Features that the residents are especially proud of include the "pedways" meant only for pedestrians (cars are kept to the periphery of the neighborhood), the common house (with a playroom, a library, and a laundry), and the common gardening area. The property is near enough to downtown Blacksburg to allow many of the dwellers to bike or walk to work. And although all units have porches to facilitate community, the site was designed to allow for privacy as well.
Nathan Kranowski (M.S. accounting '77), known as the grandfather of the group, encapsulates the general zeitgeist of the community: "The reason to join is not because you want to buy a house. The reason is because you want to live a certain way."
You can learn more about Shadowlake Village at http://www.shadowlakevillage.org.
Feeding time at the zoo
What do black rhinos, flamingos, vampire bats, and invertebrates have in common? They have all been or are currently under the watchful eye of Mike Maslanka (wildlife science '93), the nutritional services manager and staff nutritionist at the Fort Worth Zoo in Fort Worth, Texas. The zoo's nutritional services department cares for all the animals in the zoo's collection, and "cares for" is the right phrase! "The zoo is so particular about the produce it accepts that the food is better than what most of us buy at the store," says Maslanka.
Maslanka's job has sent him to such faraway places as Alberta, Canada; the Yucatan Peninsula; and many locations in China.

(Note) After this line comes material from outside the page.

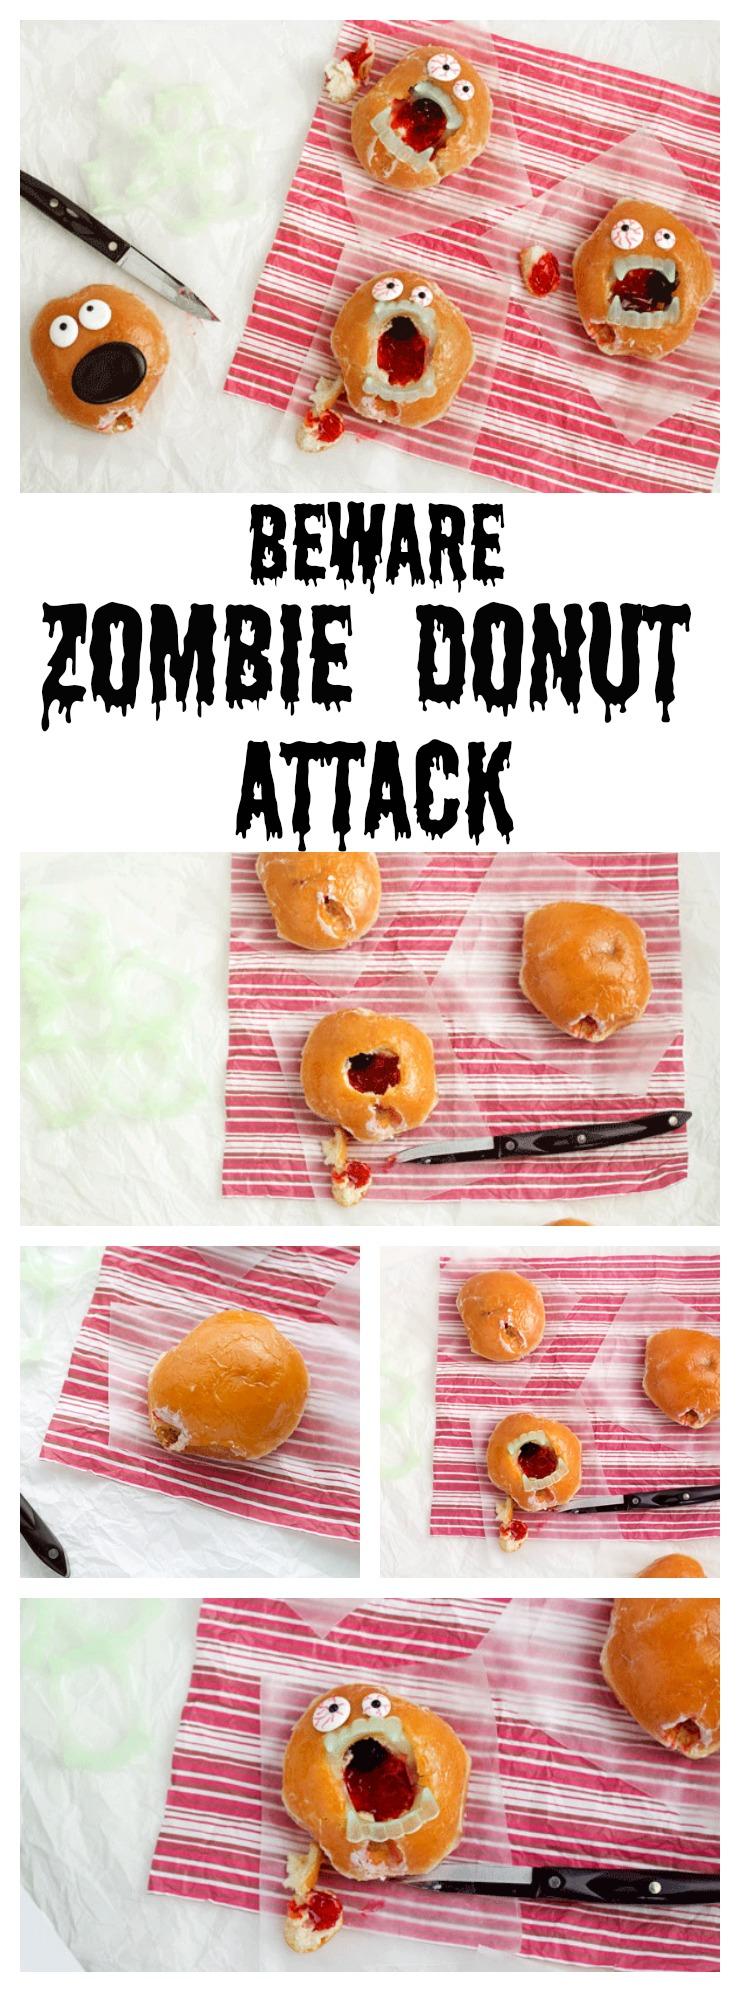 http://thebearfootbaker.com/wp-content/uploads/2014/02/Zombie-Donuts-Beware-via-www.thebearfootbaker.com_.jpg

Although he's worked with myriad species during his travels and in his current position, he hasn't yet visited what he terms the "mecca of the zoo world": Africa. Maslanka says that it's "almost surreal the number of amazing species to observe there."

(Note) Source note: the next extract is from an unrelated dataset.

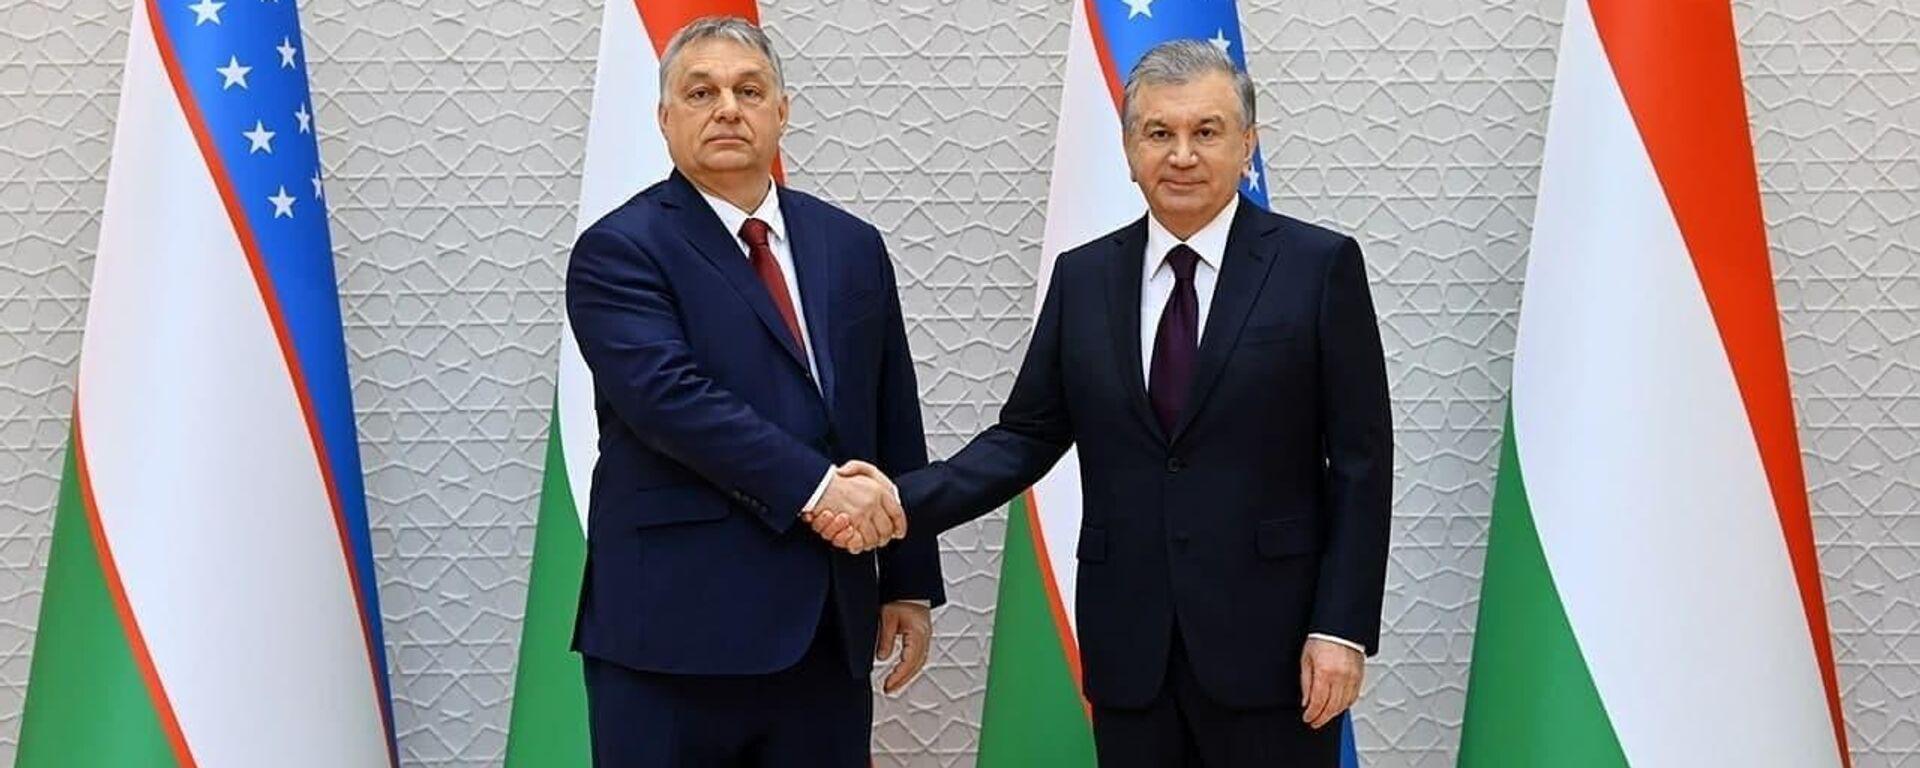 Президент Узбекистана Шавкат Мирзиёев (справа) и премьер-министр Венгрии Виктор Орбан - Sputnik Узбекистан, 1920, 30.03.2021

Maslanka's jet-setting life hasn't made him forget his roots, though. "Every fall I get the chance to return to Tech to lecture for a few animal science classes. I make the trips as much to teach [students] about wildlife nutrition and physiology as to instill the importance of 'thinking outside the box,'" said Maslanka. He's interested in encouraging students as well as fellow Tech grads. "If other alumni get the chance to see what I do, then they may feel all the better about Tech regardless of where we are or what we have ended up doing. If the background and education I received was enough to allow me to travel and do what I really love, theirs can lead them anywhere they are inclined to let it."